Хорошие или плохие, но созданные государственные механизмы начинают жить своей жизнью:
— В мою бытность заместителем главного на «Первом канале» у нас были ситуации, когда мы советовались, но не было ситуаций, когда мы получали указания, за исключением терактов, — вспоминает Марат Гельман. — Инструментарий, который использовал Сурков, — это то, что сейчас называют «гуманитарными технологиями»: переговоры, убеждение, соглашения. Другие персонажи использовали другие инструменты — у них в руках были прокуратура, налоговая…
Интересно, что в 2002 году Владислав Сурков верил не только в политические манипуляции, но и в собственно политику. На семинаре «Единой России», распекая активистов партии, он предлагал им выбор — заниматься чем-то живым и настоящим или просто выполнять поручения: «Интеллектуальная жизнь в партии на нуле, ни одной интересной идеи, от партии в народе не осталось ни одного афоризма.
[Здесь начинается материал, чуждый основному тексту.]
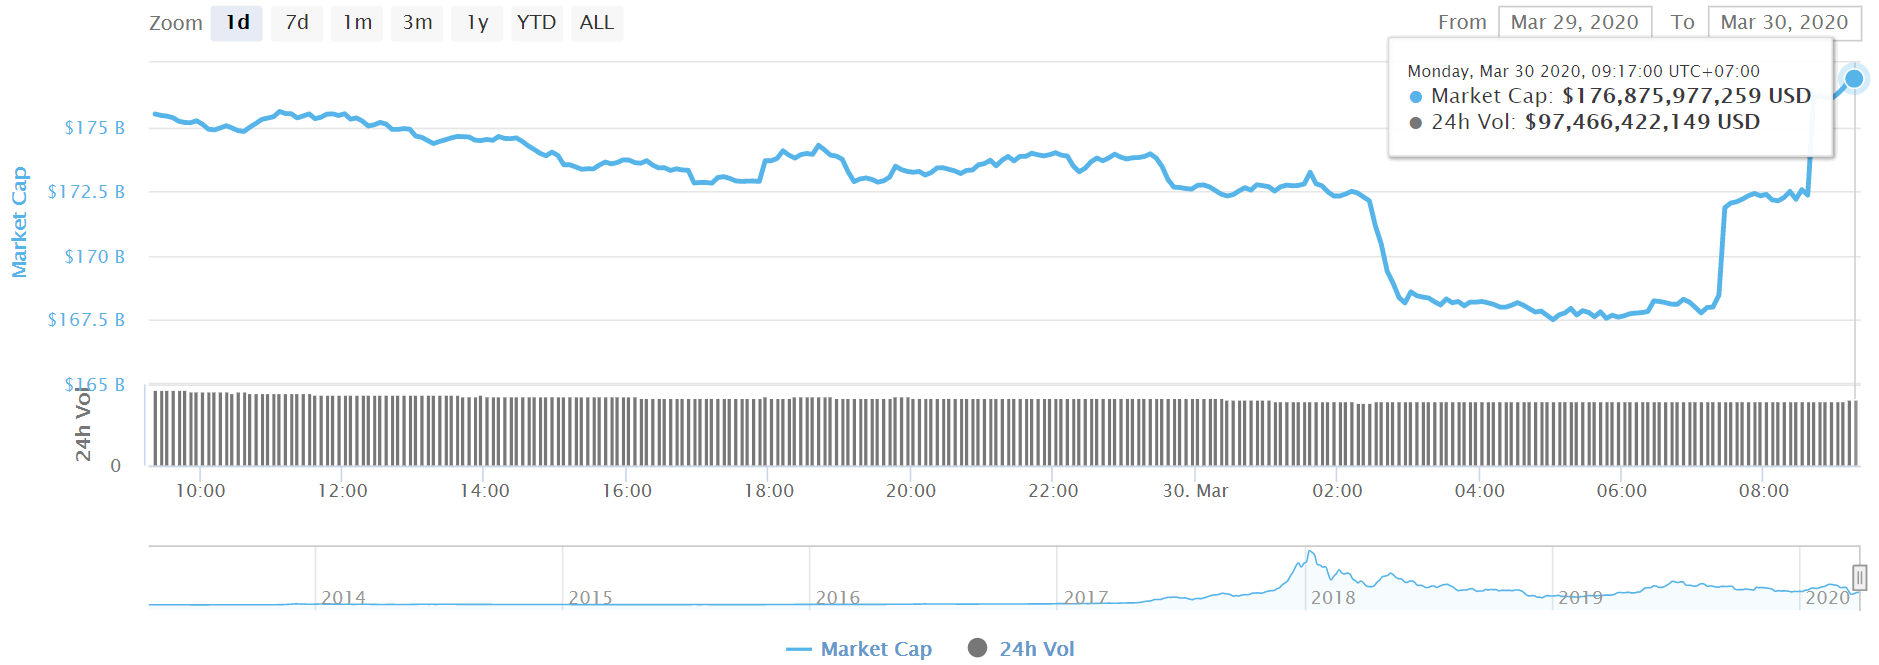 Total market capitalization of cryptocurrencies

Главное проклятие “Нашего дома — России” и теперь наше — чрезмерная бюрократичность. Если не будете партией, сами все сделаем, а вас будем использовать только как ходоков перед выборами. Я думаю, такая роль многих из вас не устроит, вы способны на большее». И уточнял: «На самом деле это никакая не стабильность. Это усталость после ельцинской эпохи. Нация накувыркалась и устала, решила немного отдохнуть».
— То, что Суркова сейчас демонизируют, я связываю с тем, что в человеке, который берет на себя функцию коммуникации с внешним миром, всегда видят центр силы, — считает Марат Гельман.
Сурков всегда был прежде всего «говорящим органом» государства, он продолжал «разрешать конфликты», силовая же власть была, конечно, не у него.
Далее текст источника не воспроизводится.